Dog owned by Alexander the Great

Detail of the mosaic “House of the Abduction of Helen” at Pella, Greece. Dating of the piece has caused some to believe the dog depicted is Peritas

Peritas (Περίτας) was Alexander the Great's favorite dog, who accompanied him during his military exploits.

==History==
===The eponymous city===
Not much is known of the historical Peritas aside from a city named in his honor. Like Alexander's horse Bucephalus, Peritas was awarded a city named in his honor, with a monument to his glory in its central square. According to Plutarch, after recalling the story of Bucephalus, "It is said, too, that when he lost a dog also, named Peritas, which had been reared by him and was loved by him, he founded a city and gave it the dog's name." The city was probably somewhere in Pakistan, perhaps not far from the town named after Bucephalus, since both cities would have been the spoils of war for Alexander after having defeated King Porus at the Battle of the Hydaspes.

===Dog type===
What type of dog the mythical Peritas was, is hard to ascertain and remains unknown. Peritas is sometimes referred to as a Molossus, or a Bulldog, perhaps from the fierce nature of a few stories. Peritas may also have been a Laconian, a classic ancient Greek hunting dog, as depicted in the Stag Hunt mosaic.

===Tales of Peritas===
According to Pliny, it was the king of Caucasian Albania who delighted Alexander by giving him a dog which had attacked and beaten both a lion and an elephant. There is also the story of Alexander meeting Sophytes, a ruler of an area probably around Jech Doab in Punjab. Sophytes gave Alexander one hundred and fifty dogs known for their fearsome strength and courage. Wishing to test their strength, Sophytes had a lion fight two of the weakest dogs. He released two others to help once those two seemed at a disadvantage. The four were doing well against the lion when Sophytes sent a man with a scimitar to hack at a leg of one of the dogs. Alexander protested strongly, and guards took the man with the blade away, until Sophytes offered Alexander three dogs for that one.
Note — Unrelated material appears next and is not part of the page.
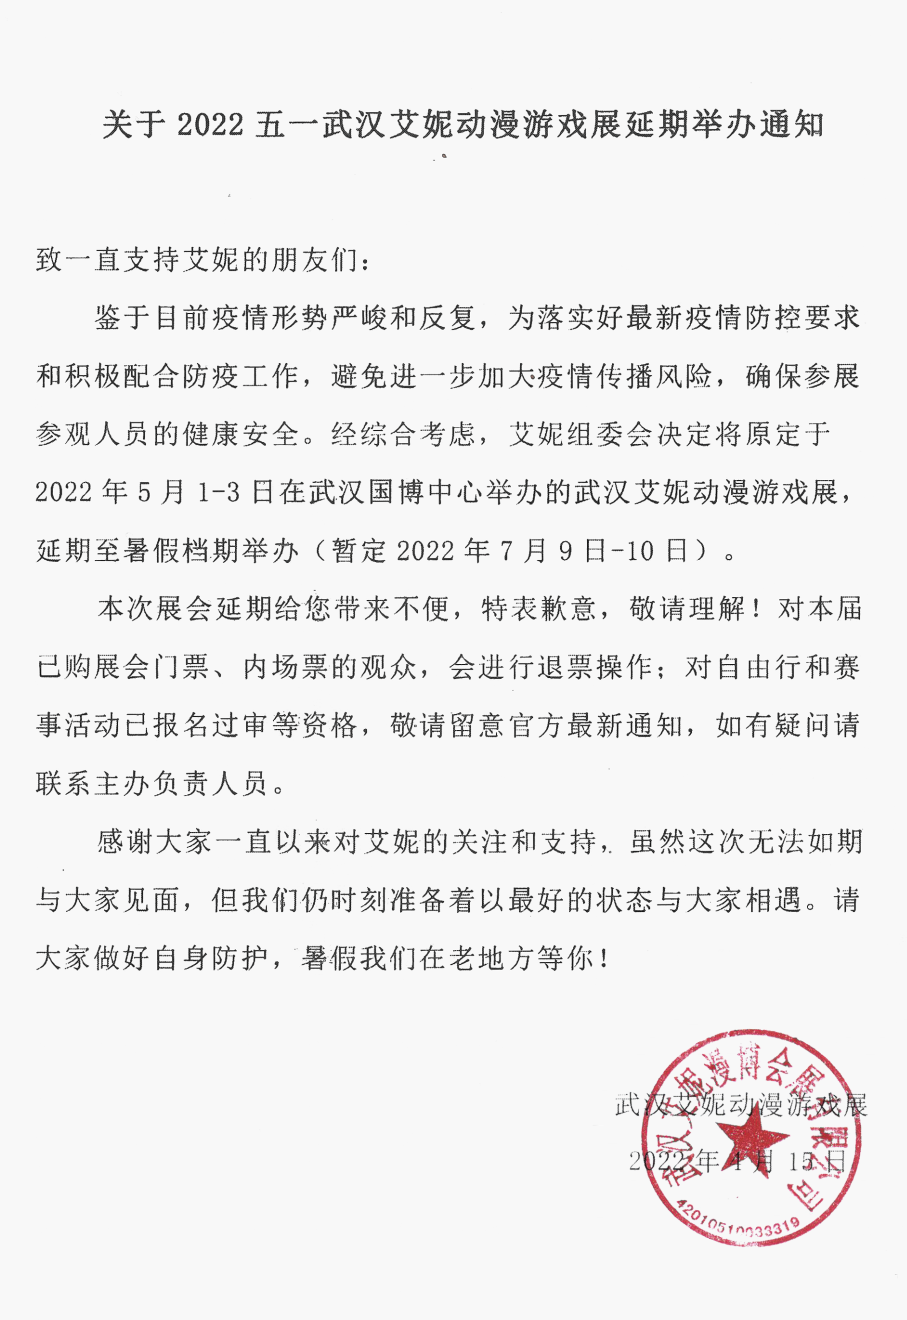 关于五一“武汉艾妮动漫游戏展”延期举办通知

The dog then calmly accepted its fate without making a sound, and continued to have a firm bite on the lion until it had succumbed to its loss of blood. It is unlikely that any of these pertain to Peritas.

==In popular culture ==
Peritas appears as a posthumous character in Scoob!. He is depicted as a Great Dane who is an ancestor of Scooby-Doo. His bond with Alexander the Great sealed the gates to the Underworld to keep Cerberus from escaping.

The dog is present in the first half of Mary Renault's novel The Persian Boy.